R: Difference of Two Proportions

props_neat {neatStats}

R Documentation

Difference of Two Proportions

Description

Comparison of paired and unpaired proportions. For unpaired: Pearson's chi-squared test or unconditional exact test, including confidence interval (CI) for the proportion difference, and corresponding independent multinomial contingency table Bayes factor (BF). (Cohen's h and its CI are also calculated.) For paired tests, classical (asymptotic) McNemar test (optionally with mid-P as well), including confidence interval (CI) for the proportion difference.

Usage

props_neat(
  var1 = NULL,
  var2 = NULL,
  case1 = NULL,
  case2 = NULL,
  control1 = NULL,
  control2 = NULL,
  prop1 = NULL,
  prop2 = NULL,
  n1 = NULL,
  n2 = NULL,
  pair = FALSE,
  greater = NULL,
  ci = NULL,
  bf_added = FALSE,
  round_to = 3,
  exact = FALSE,
  inverse = FALSE,
  yates = FALSE,
  midp = FALSE,
  h_added = FALSE,
  for_table = FALSE,
  hush = FALSE
)

Arguments

`var1`	First variable containing classifications, in 'group 1', for the first proportion (see Examples). If given (strictly necessary for paired proportions), proportions will be defined using `var1` and `var2` (see Details). To distinguish classification ('cases' and 'controls'; e.g. positive outcomes vs. negative outcomes), any two specific characters (or numbers) can be used. However, more than two different elements (apart from `NA`s) will cause error.
`var2`	Second variable containing classifications in, 'group 2', for the second proportion, analogously to `var1`.
`case1`	Number of 'cases' (as opposed to 'controls'; e.g. positive outcomes vs. negative outcomes) in 'group 1'. As counterpart, either control numbers or sample sizes needs to be given (see Details).
`case2`	Number of 'cases' in 'group 2'.
`control1`	Number of 'controls' in 'group 1'. As counterpart, case numbers need to be given (see Details).
`control2`	Number of 'controls' in 'group 2'.
`prop1`	Proportion in 'group 1'. As counterpart, sample sizes need to be given (see Details).
`prop2`	Proportion in 'group 2'.
`n1`	Number; sample size of 'group 1'.
`n2`	Number; sample size of 'group 2'.
`pair`	Logical. Set `TRUE` for paired proportions (McNemar, mid-P), or `FALSE` (default) for unpaired (chi squared, or unconditional exact test). Note: paired data must be given in `var1` and `var2`.
`greater`	`NULL` or string (or number); optionally specifies one-sided exact test: either "1" (`case1/n1` proportion expected to be greater than `case2/n2` proportion) or "2" (`case2/n2` proportion expected to be greater than `case1/n1` proportion). If `NULL` (default), the test is two-sided.
`ci`	Numeric; confidence level for the returned CIs (proportion difference and Cohen's h).
`bf_added`	Logical. If `TRUE`, Bayes factor is calculated and displayed. (Always two-sided!)
`round_to`	Number `to round` to the proportion statistics (difference and CIs).
`exact`	Logical, `FALSE` by default.
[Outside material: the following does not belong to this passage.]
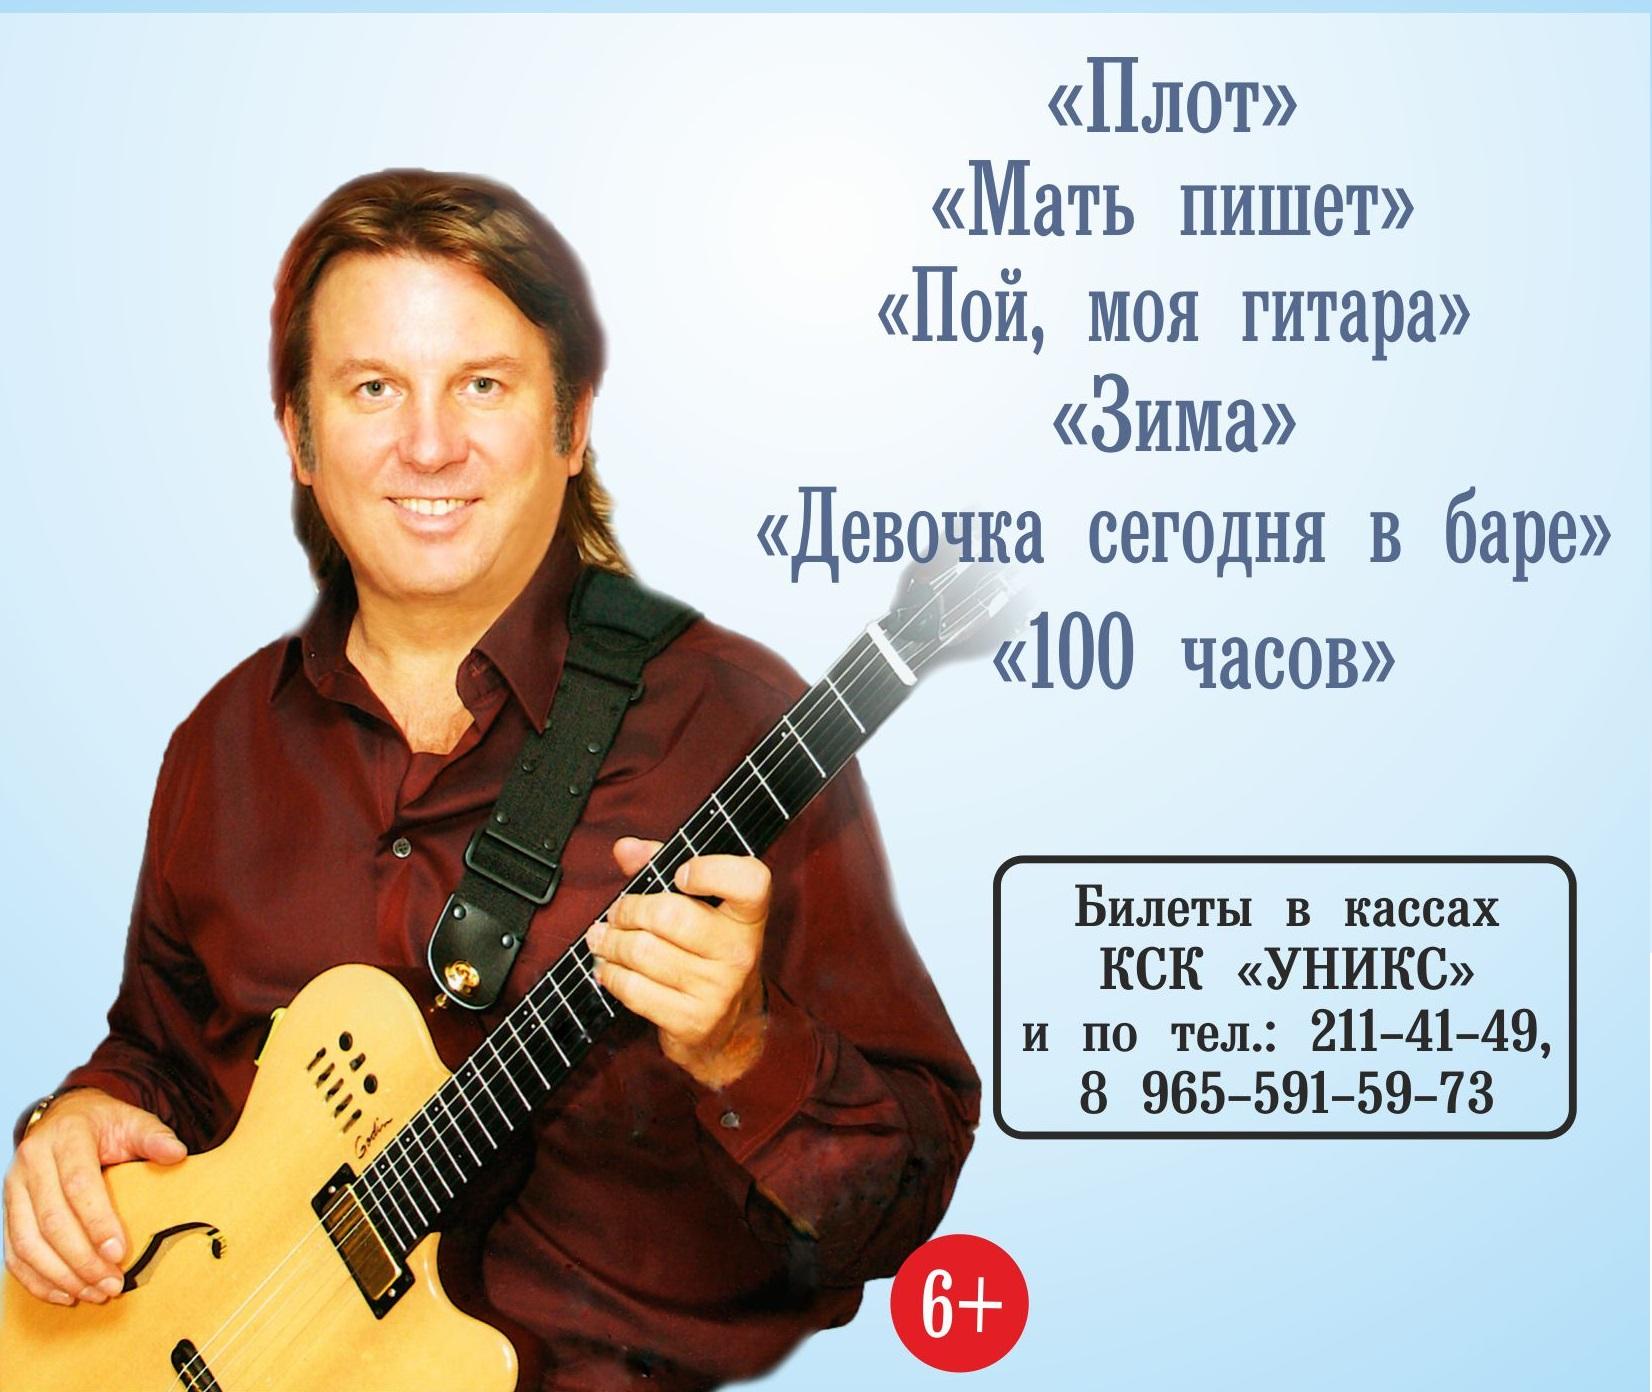 smallАфиша Ю. Лоза

If `TRUE`, `unconditional exact test` is calculated and displayed, otherwise the default Pearson's `chi-squared test`.
`inverse`	Logical, `FALSE` by default. When `var1` and `var2` are given to calculate proportion from, by default the factors' frequency determines which are 'cases' and which are 'controls' (so that the latter are more frequent). If the `inverse` argument is `TRUE`, it reverses the default proportion direction.
`yates`	Logical, `FALSE` by default. If `TRUE`, Yates' continuity correction is applied to the chi-squared (unpaired) or the McNemar (paired) test. Some authors advise this correction for certain specific cases (e.g., small sample), but evidence does not seem to support this (Pembury Smith & Ruxton, 2020).
`midp`	Logical, `FALSE` by default. If `TRUE`, displays an additional 'mid-P' p value (using the formula by Pembury Smith & Ruxton, 2020) for McNemar's test (Fagerland et al., 2013). This provides better control for Type I error (less false positive findings) than the classical McNemar test, while it is also probably not much less robust (Pembury Smith & Ruxton, 2020).
`h_added`	Logical. If `TRUE`, Cohen's h and its CI are calculated and displayed. (`FALSE` by default.)
`for_table`	Logical. If `TRUE`, omits the confidence level display from the printed text.
`hush`	Logical. If `TRUE`, prevents printing any details to console.

Details

The proportion for the two groups can be given using any of the following combinations (a) two vectors (var1 and var2), (b) cases and controls, (c) cases and sample sizes, or (d) proportions and sample sizes. Whenever multiple combinations are specified, only the first parameters (as given in the function and in the previous sentence) will be taken into account.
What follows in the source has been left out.